==== Data section

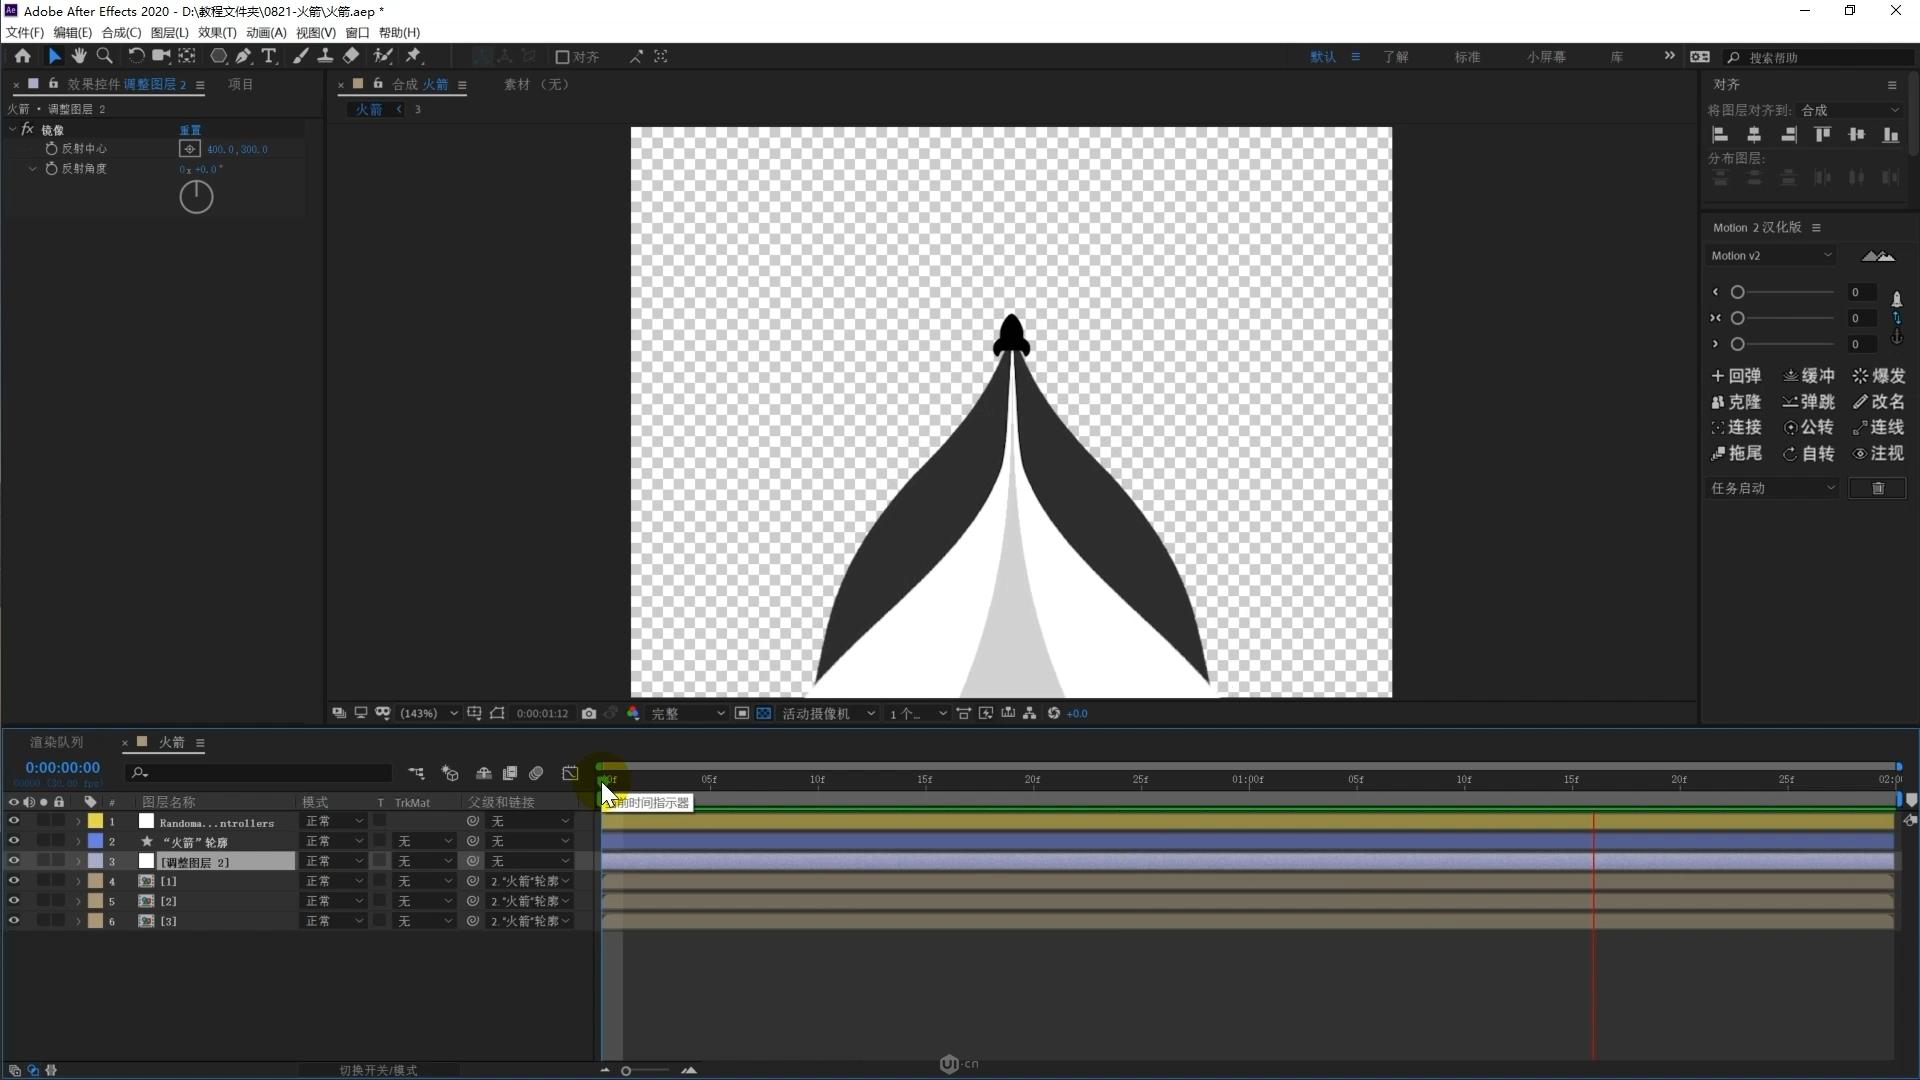 AE如何制作简单的太空旅行MG动画(10)
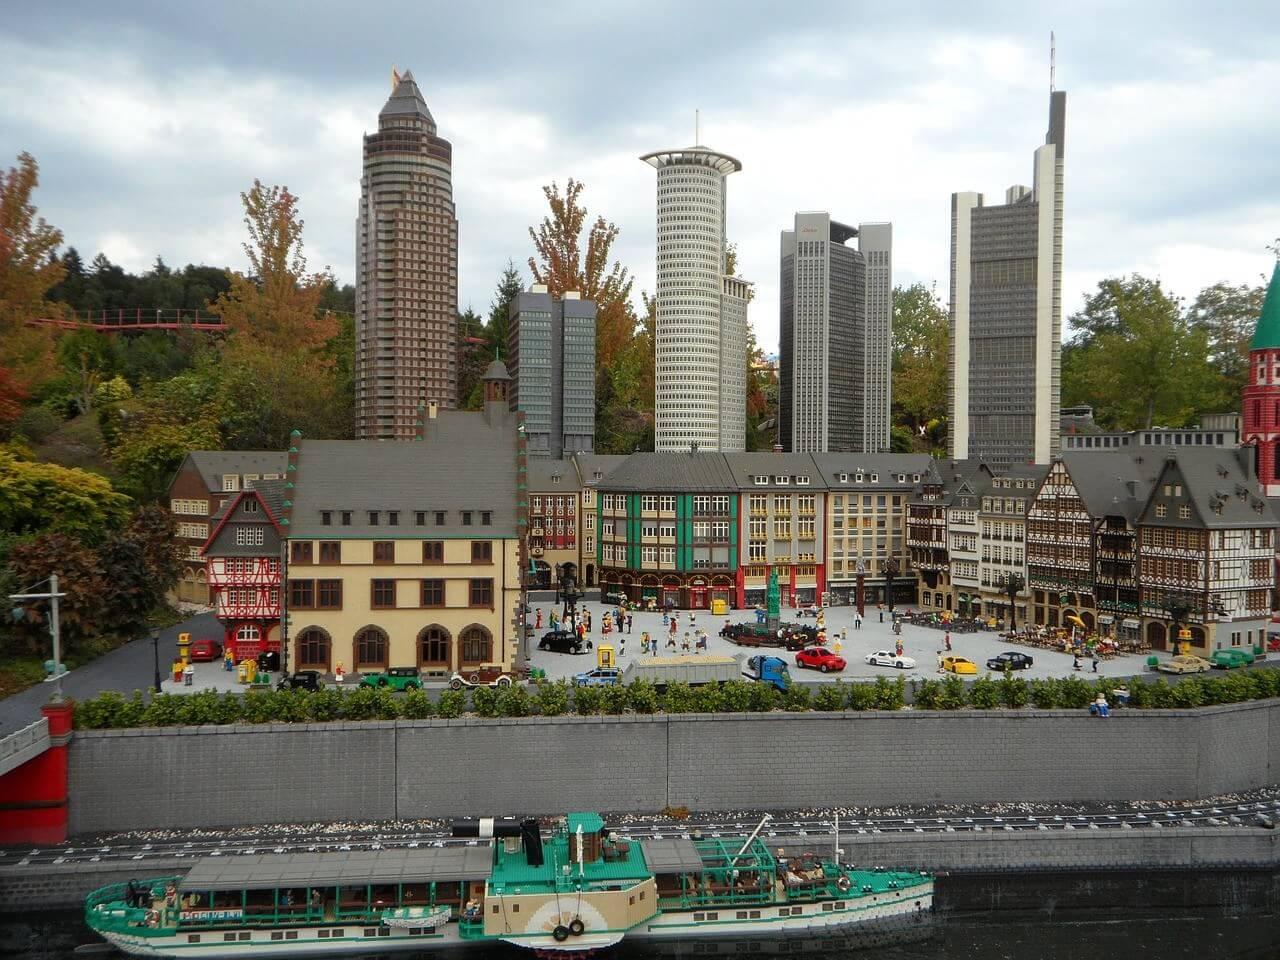 frankfurt au Legoland Deutschland
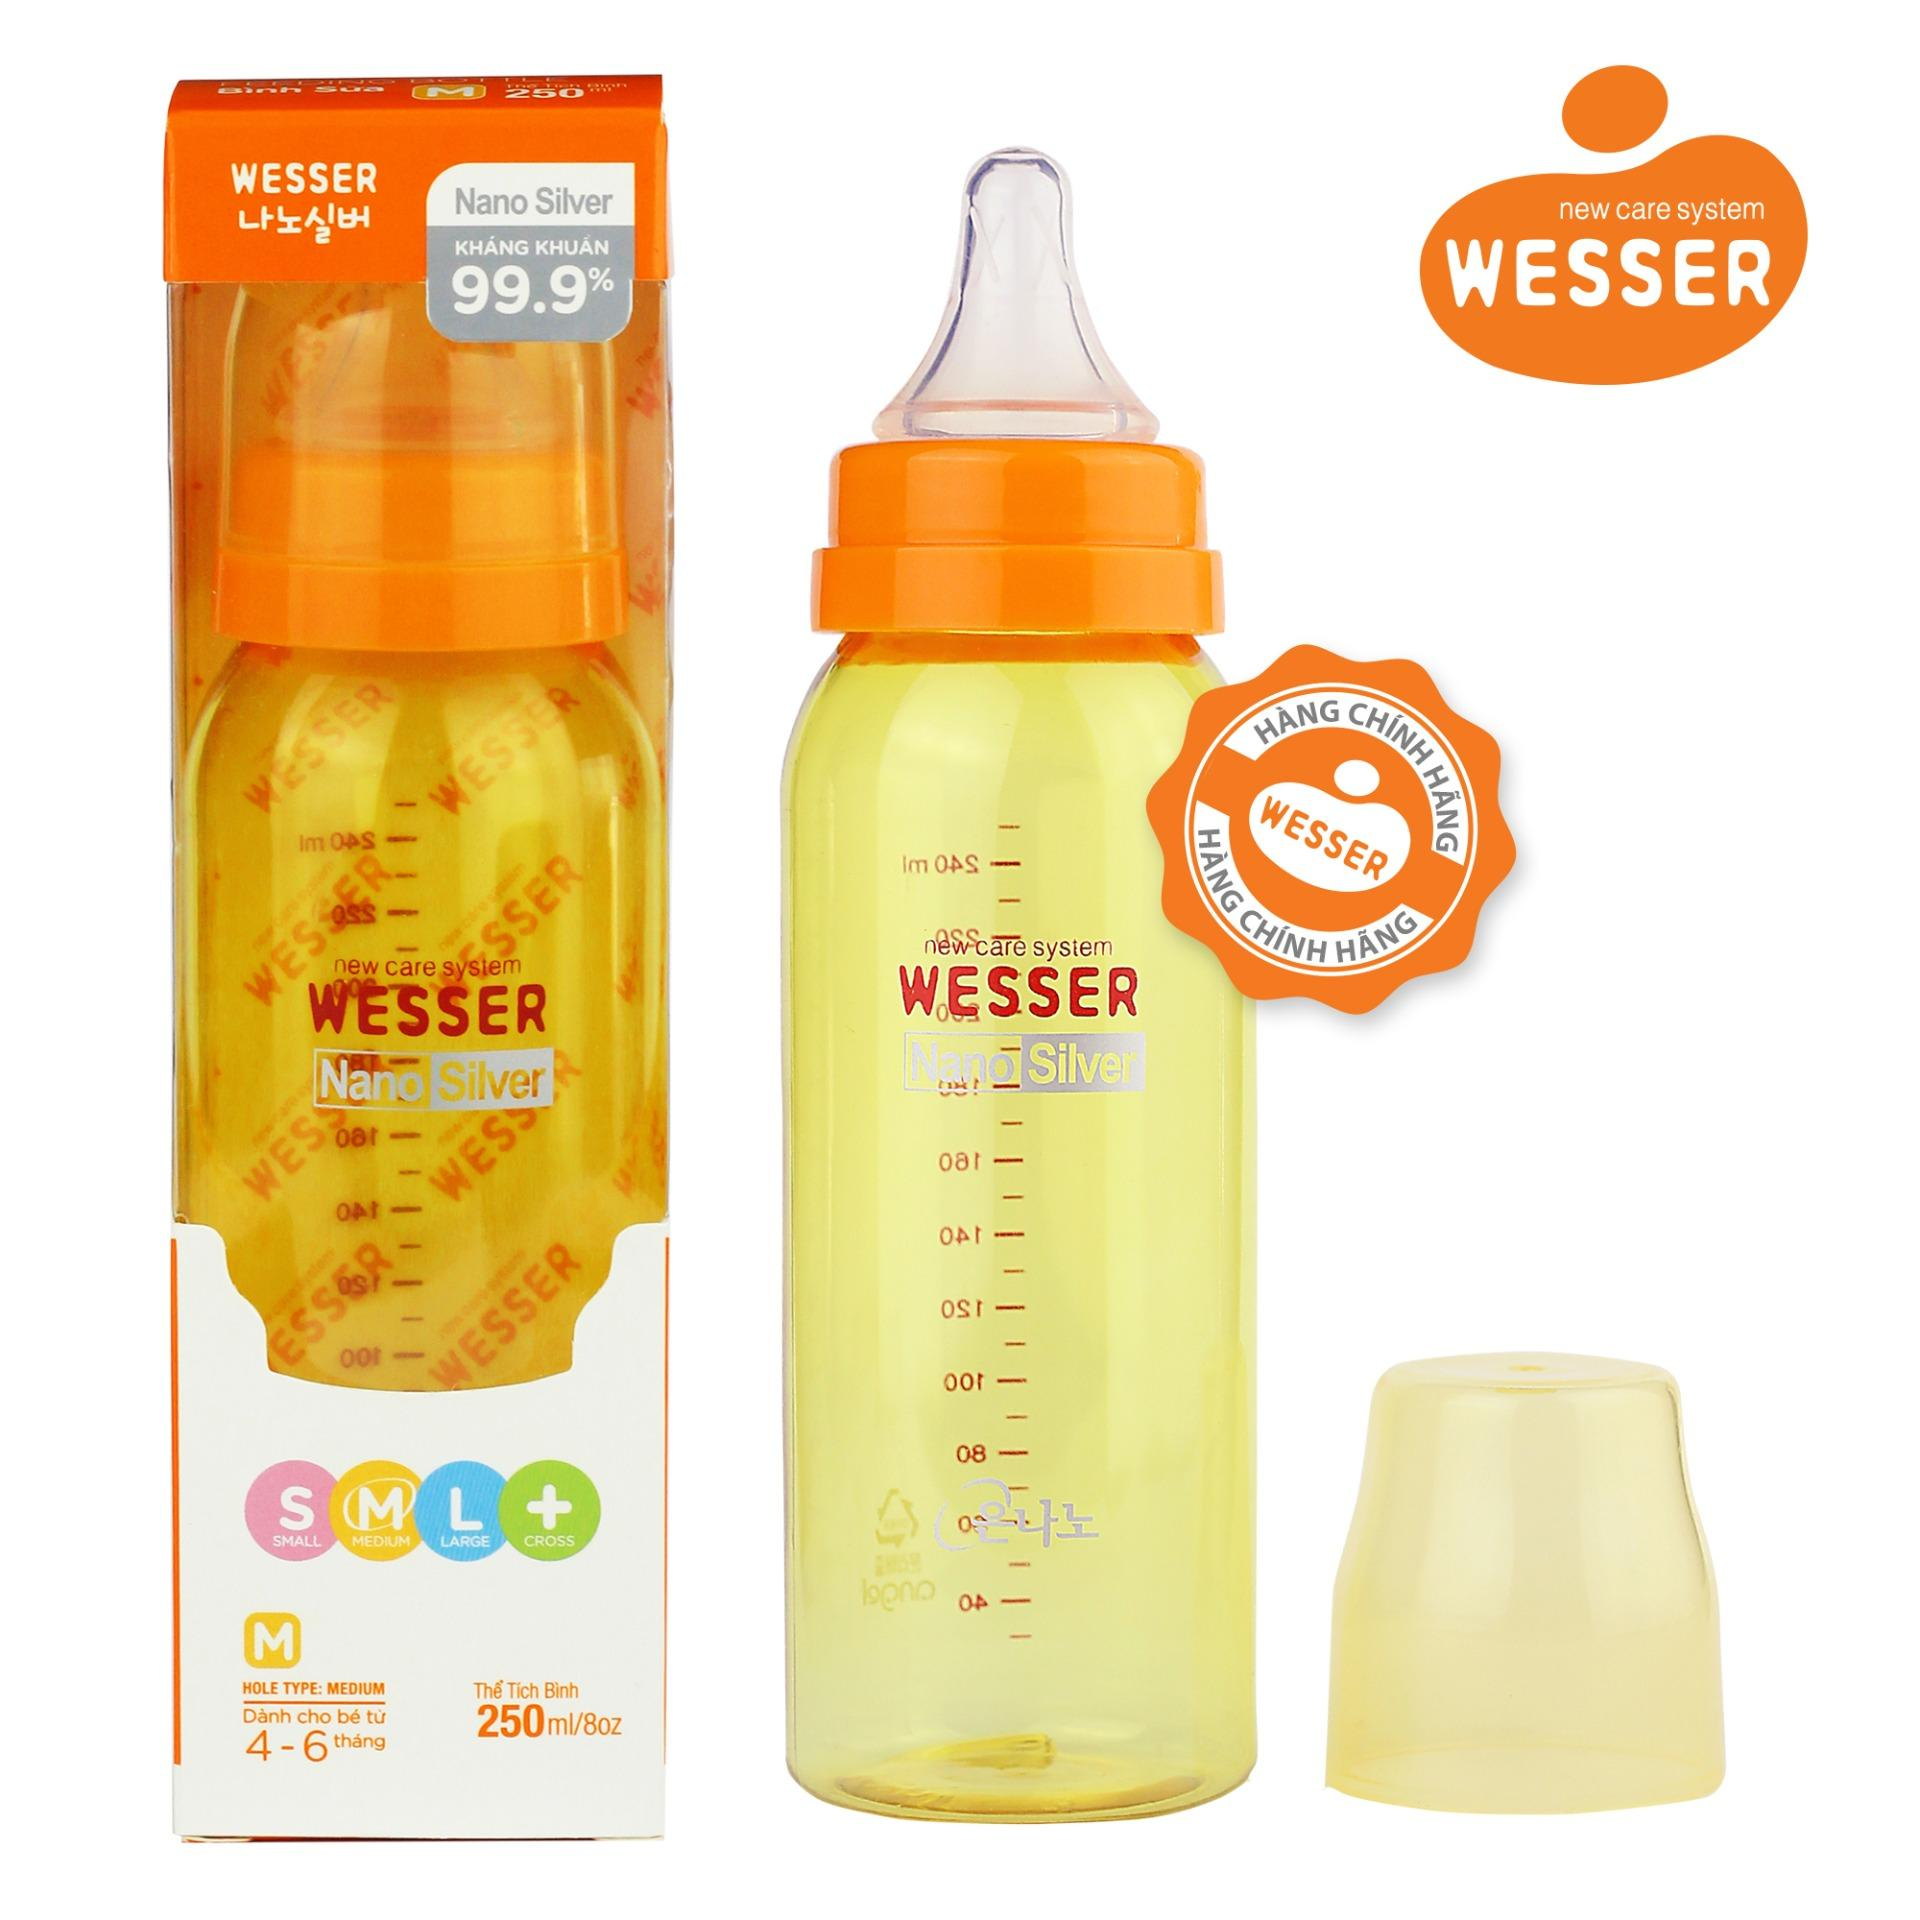 Bộ 2 Bình sữa Wesser Nano Silver cổ hẹp 250ml...

========

● **The task**:
Without including any picture, set down the listing above exactly as it appears.

● **Task answer**:
 AE如何制作简单的太空旅行MG动画(10)
 frankfurt au Legoland Deutschland
 Bộ 2 Bình sữa Wesser Nano Silver cổ hẹp 250ml...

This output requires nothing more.